Instructions for the task — Reproduce, exactly, the lines of the material below from the line containing "Canon EOS 450D" through the line containing "Vans Old Skool Pro Skate Shoes - Black", with both end lines included and nothing else.

Dataset excerpts —

= = = =

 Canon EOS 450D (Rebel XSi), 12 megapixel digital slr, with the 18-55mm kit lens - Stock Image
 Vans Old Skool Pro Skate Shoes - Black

= = = =

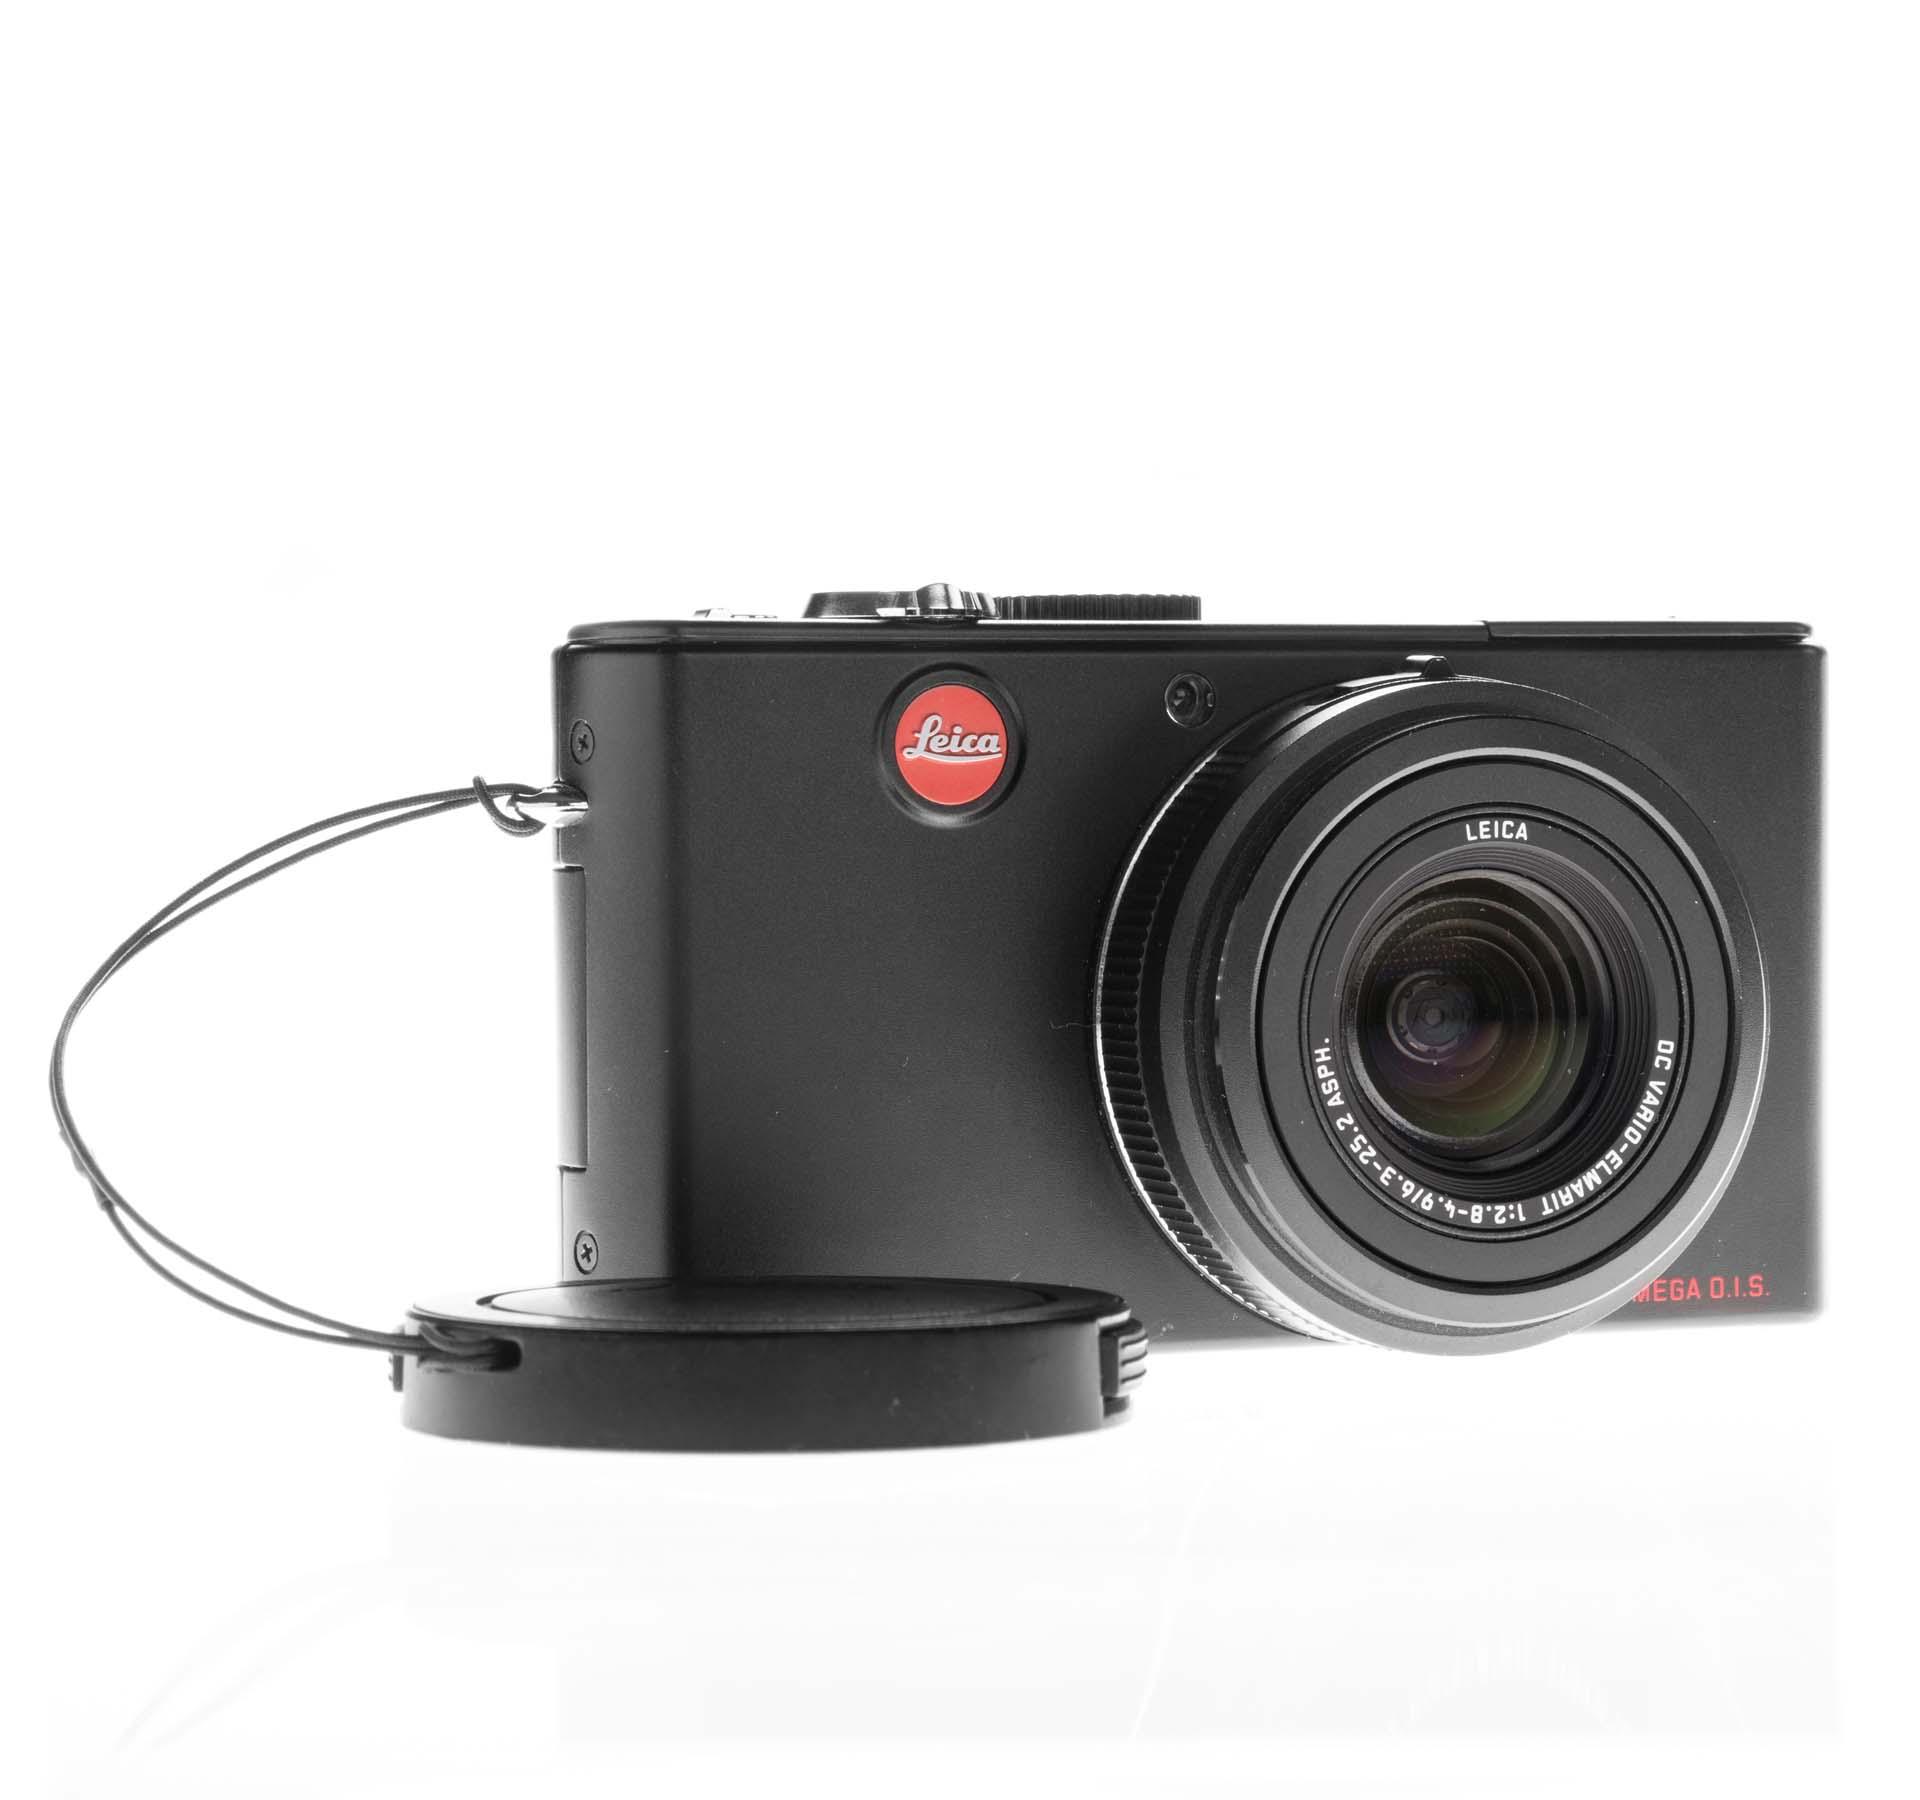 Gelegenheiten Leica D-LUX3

= = = =

Task response —
 Canon EOS 450D (Rebel XSi), 12 megapixel digital slr, with the 18-55mm kit lens - Stock Image
 Vans Old Skool Pro Skate Shoes - Black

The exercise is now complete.